Елизавета открыла университет, и Шувалов по ее указанию занимался науками. А искусства? Надо выписывать из-за границы архитекторов, живописцев, скульпторов. И не только! – надо выучить и собственных мастеров.

Екатерина посылала в Европу понимающих людей, они покупали там картины лучших художников. И когда один корабль с тридцатью отобранными картинами потонул – плакала чуть не весь день. Впрочем, какой там день? Поплакала с часок – и снова за конторку.

В моду вошли портреты, писанные европейскими живописцами. Ротари, Кауфман, Вальтер, Валуа – мало ли их? Екатерине нравились работы художницы Кауфман. Однако она оценила и портреты Левицкого, что приехал из Малороссии, был сыном художника. Ему заказали портреты девочек из Смольного института, и Левицкий сделал их превосходно. Екатерина, любившая позировать, уже намеревалась заказать ему свой портрет, обдумывала, как выказать свою особу наиболее законной и превосходной правительницей.

Левицкий писал портреты с большой скоростью, прекрасно и, кажется, не пропустил ни одной выдающейся персоны своего времени – его можно назвать восторженным летописцем века Екатерины.

Между тем в свете уже звенело имя Рокотова, иного стиля художника – мечтателя, поэта (тоже, кажется, внебрачный сын помещика Струйского)… Императрица собиралась позировать и Рокотову. Если Левицкий – мастер передать движение, символ, то Рокотов мог изобразить ее величавость, особенно если возьмет в профиль.

Секретарь императрицы Александр Андреевич Безбородко заказал писать юных учениц Смольного института не кому-нибудь, а именно Левицкому. Чудо изящества, грации, красоты, лукавого озорства… Молчанова – пример скромности, тяги к образованию, только что открывшемуся русской женщине; Нелидова – сама грация; Левшина – величественна и горда; Алымова за арфой – воплощенные хитрость и лукавство… Девочки из небогатых слоев служивого дворянства; лица, сияющие светом, юностью, прелестью, весной. Поразительны живые движения девушек, у них не просто театральные, застывшие позы: руки, ноги, корпус, голова – всё в движении. Так и слышалась с полотен музыка Вивальди, Перголези, Моцарта, тихая музыка – тогда еще не знали страстей Бетховена, изощренности и безумств более поздних композиторов.

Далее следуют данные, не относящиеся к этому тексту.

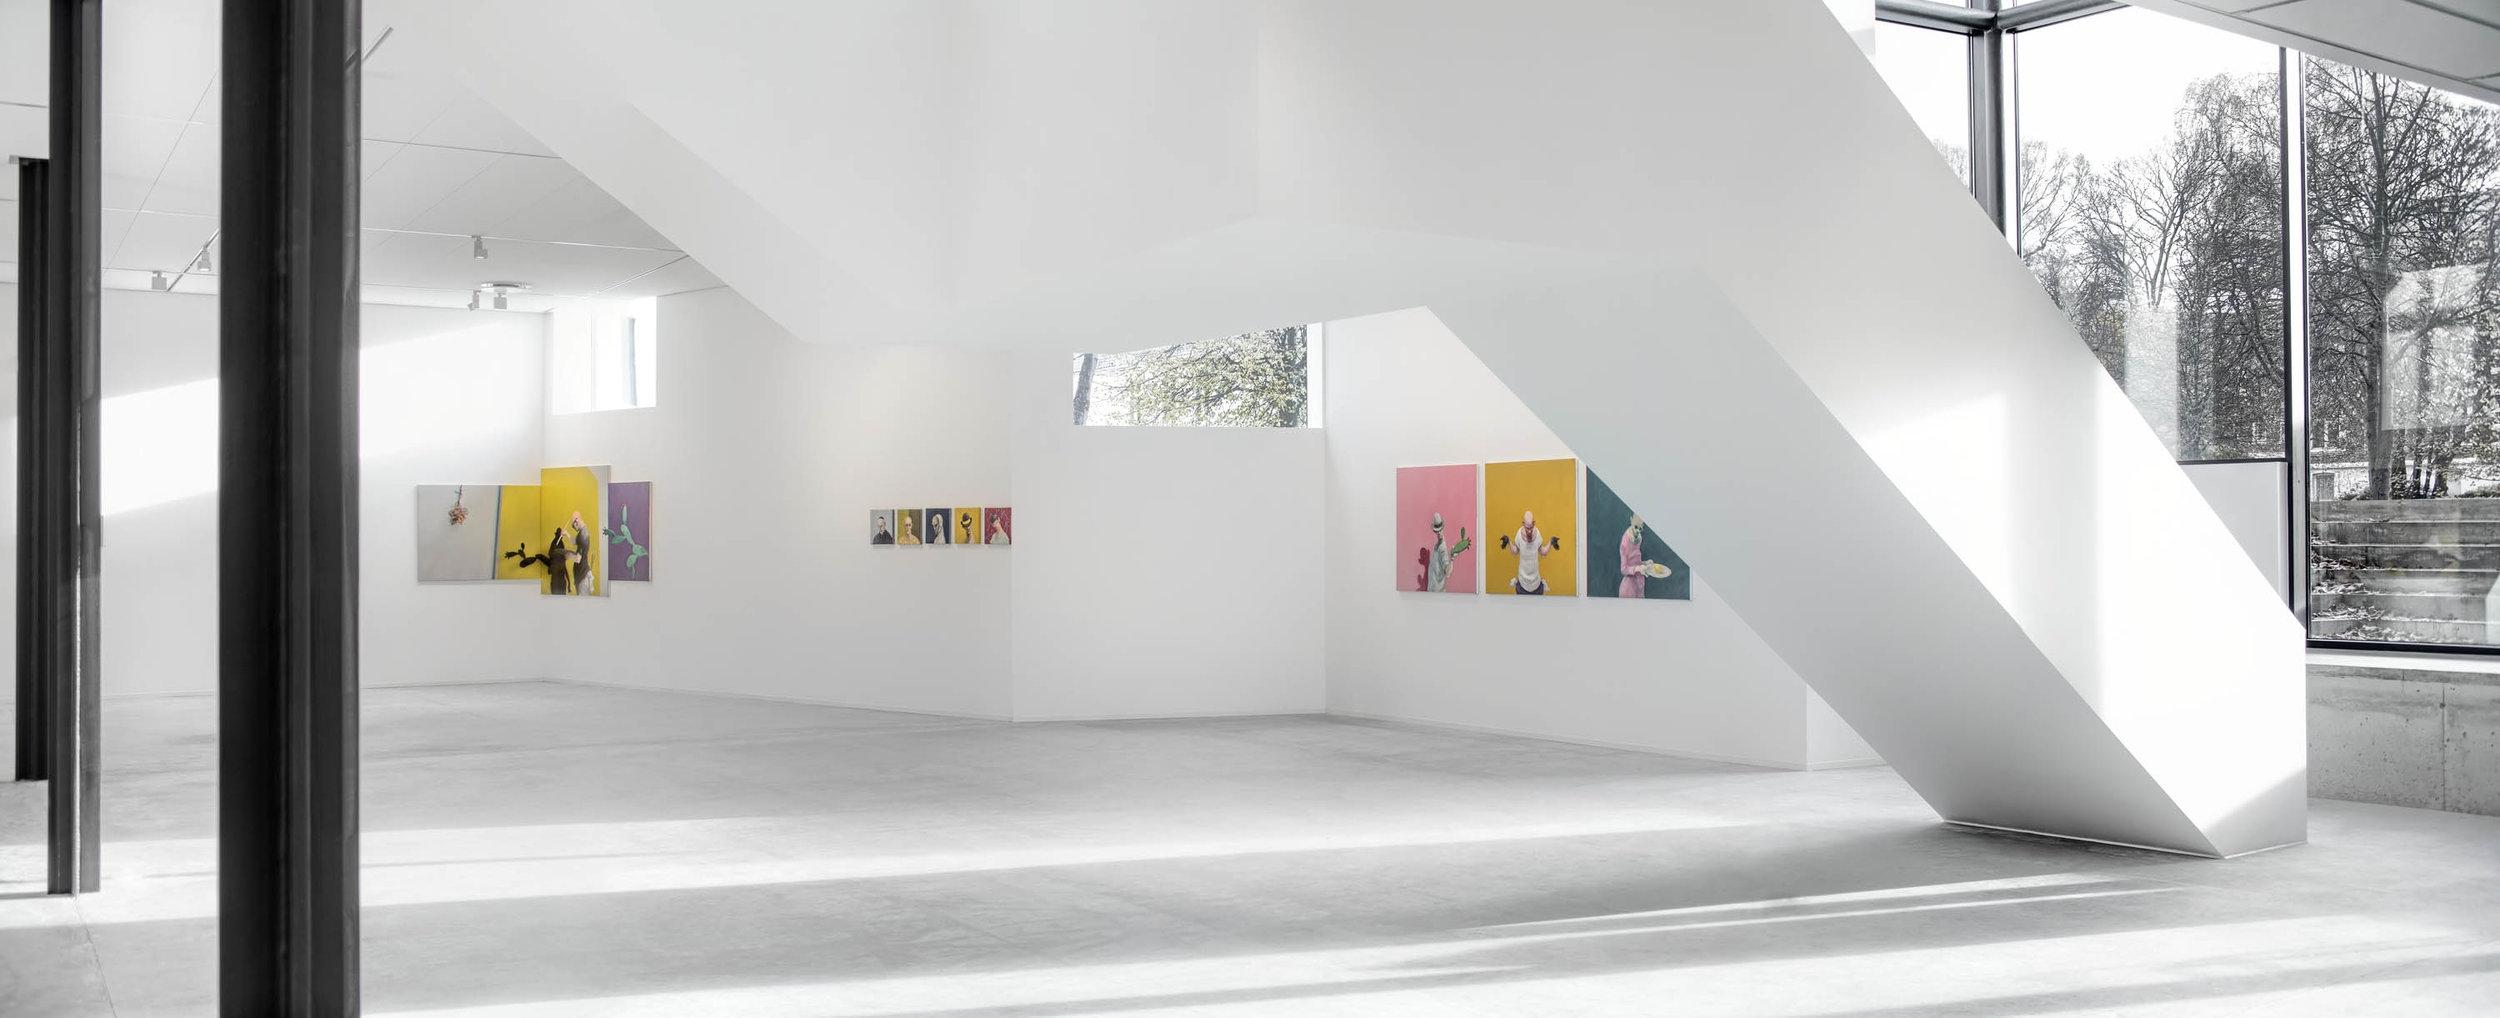 bge contemporary art project  photo : sindre ellingsen

И как все это согласовано с цветом! Ни одного кричащего, громкого тона. Нежные оливковые, зеленые, желтоватые, какие-то медовые краски, невесомые, пронизанные светом кружева у Нелидовой, хочется пощупать изломы шелка у Ржевской, претенциозно лежащее платье Алымовой… На выставке «смолянки» очаровали зрителей.

Появились и русские скульпторы, и выделялся из них Федот Шубин.

В архитектуре? Там по-прежнему царила семья Варфоломея Растрелли. Но императрица желала, чтобы работали и русские архитекторы.

При Петре I началась светская живопись, а теперь она должна расцвесть. Недоросли, отроки обучались сами, не писали, а малевали, и тем не менее… Ими, кажется, уже наводнялась провинция. Плохо ли помещику иметь свой портрет! Пусть ухо не на месте, пусть глаза враскос, о красках и не говори! Однако лица были запечатлены: дворяне думали о потомках, об истории – пусть представляют своих предков!

Начиналась живописная летопись времени. Пусть они еще не очень верили в себя, были наивны и простодушны, а к портретам приписывали нечто похожее на объяснительные записки.

Среди архитекторов звенело имя Николая Львова (друга Левицкого), влюбленного в Машу Дьякову. Она дочь тайного советника, он не имеет за душой никакого состояния, кроме чувствительного сердца.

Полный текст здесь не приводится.